一个对评估的状态机的可理解性的度量:实证研究外文文献翻译、中英文翻译、外文翻译
一个对评估的状态机的可理解性的度量:实证研究外文文献翻译、中英文翻译、外文翻译,一个,评估,状态机,可理解,度量,实证,研究,外文,文献,翻译,中英文
附录一:
一个对评估的状态机的可理解性的度量:实证研究
可理解性(也称可理解性或适当可识别性)被认为是构建模型的重要的因素之一。在ISO 25010,可理解性被归类为一种使用属性。它也被认为是维修方面的一个重要因素。也就是说,可以理解的模型可以维护活动有所支持,相应的进行分析, 修改和扩展,从而校正系统,使得系统更加完善。众所周知,在软件开发过程中, 维修任务的50%和整个工艺的60%都是在尝试了解软件。这是因为错误的理解是导致错误的主要原因。误解的接口规范将导致通信错误,并导致执行错误,例如出现缺少功能和故障的现象。恩德雷斯发现,他所分析的误区中,有46%都涉及到误解。
状态机(SM)是一个很流行的行为模型,用于描述一个系统、组件或对象的动态行为。SM被用于开发商如设计师,程序员,经理和测试人员之间的沟通工具。一个状态机(SM)的行为表现为可接受的事件的顺序,以及事件的执行过程,并且说明事件引起的变化。该模型还用于各种软件工程领域,如正式验证这一领域和测试数据自动生成的领域,以及逆向工程的领域。一个单一系统的行为可以由多个形式的状态机(SMs)进行描述。换句话说,即有这些多个形式的状态机(SMs)同时指定了相同的行为,那么也不会造成混乱,因为他们的状态和转换都可以分别配置。例如,一个有界堆容器的行为可以描述为用两种状态,即空和非空。在另一方面, 通过把非空又可以分为部分空和全满这两种状态,这样就可以使得一个状态机(SM) 同时存在三个状态,即空,部分空和满。
不同配置的多个形式的状态机(SMs)的可理解性又是不同,即使它们所描述的行为都是等效的。例如,两个状态机(SM)为上文中所提及的有界堆栈容器所产生的可理解性可能也是不相同的。如果是前者的状态机(SM),有两种状态用于发展,那么全状态的限制则有可能出现被忽略的可能性,因为完整的状态并没有明确在状态机(SM)中提出。为了提高模型的可理解性,现在已经提出并开发了大量的重构设计规则和设计模式。
定量测量可理解性是高度理解和使用状态机(SM)实现其建造功能的第一步。我们所现有认知的整个范围内,评估状态机(SM)的理解性的研究指标从未被报道过。尽管状态机(SM)质量评估作为一项极为重要的指标,但状态机(SM)指标进
行质量评估或故障预测的深入研究却停滞不前,相反,取而代之的是元素指标,如计数状态或转换的数量。很多状态机(SM)生成方法事实上已经得到提出,但生成的多个形式的状态机(SMs)的质量却未被得到过验证。其中的原因可以归因于缺乏为状态机(SM)的品质进行定量测量的方法。
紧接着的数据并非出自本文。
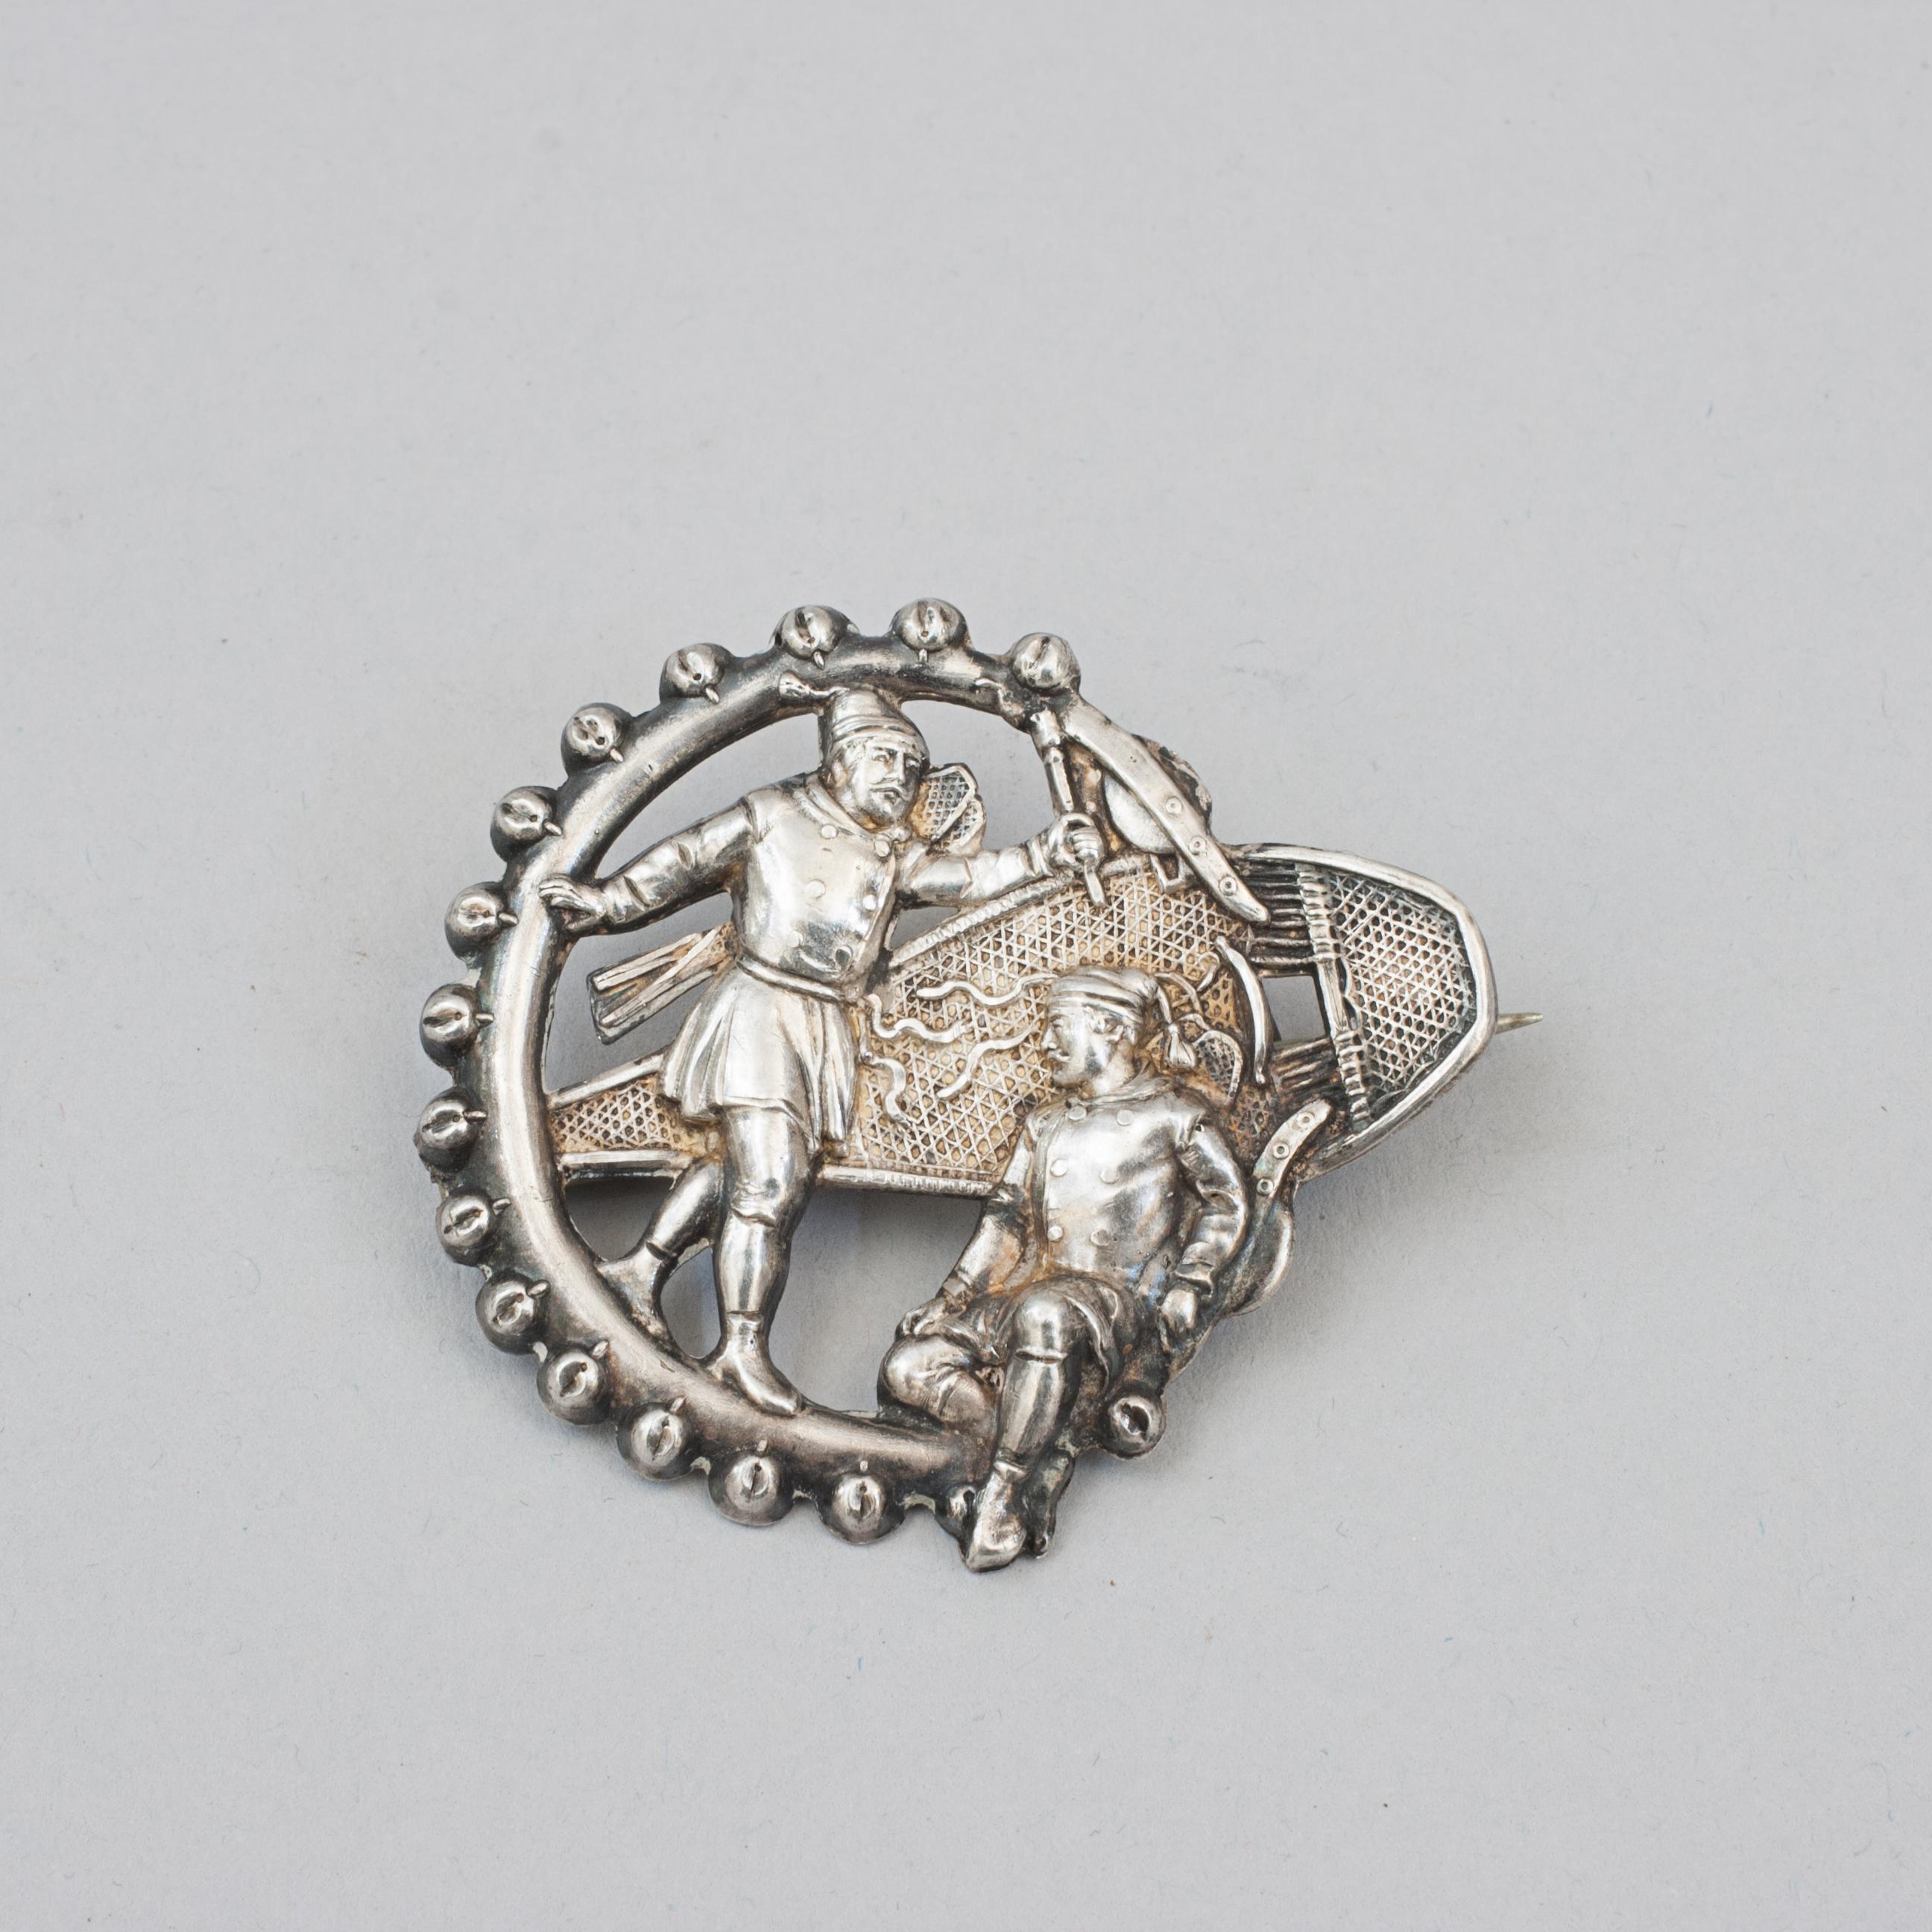 Snowshoe Brooch Or Pin.
A very nice piece of antique winter themed jewellery, a broach in the form of a snowshoe with two gentlemen. The surround is in the form of a leather strand with sleigh bells attached to it. The rear has a clasp and is

规模和复杂性的几个元素指标已经提出。但是,实际使用这些指标来评估可理解性却有些负担和阻碍,因为状态机(SM)的可理解性不需要小规模或者简单的形式。任何系统的行为都可以描述为一个单一的状态的状态机(SM)。这样的状态机
(SM)是非常小的和简单的。然而,因为单状态捕获与系统的所有状态相关,这可能是比较难于理解的。例如,有界栈容器的行为可以表示为只有一个状态的状态机
(SM)。该状态机(SM)可能有与之堆叠的方法相同的转换数目,例如,两个推入
()和推出()转换形式。但是,状态机(SM)与结构模型如同一类型的图表并没什么不同。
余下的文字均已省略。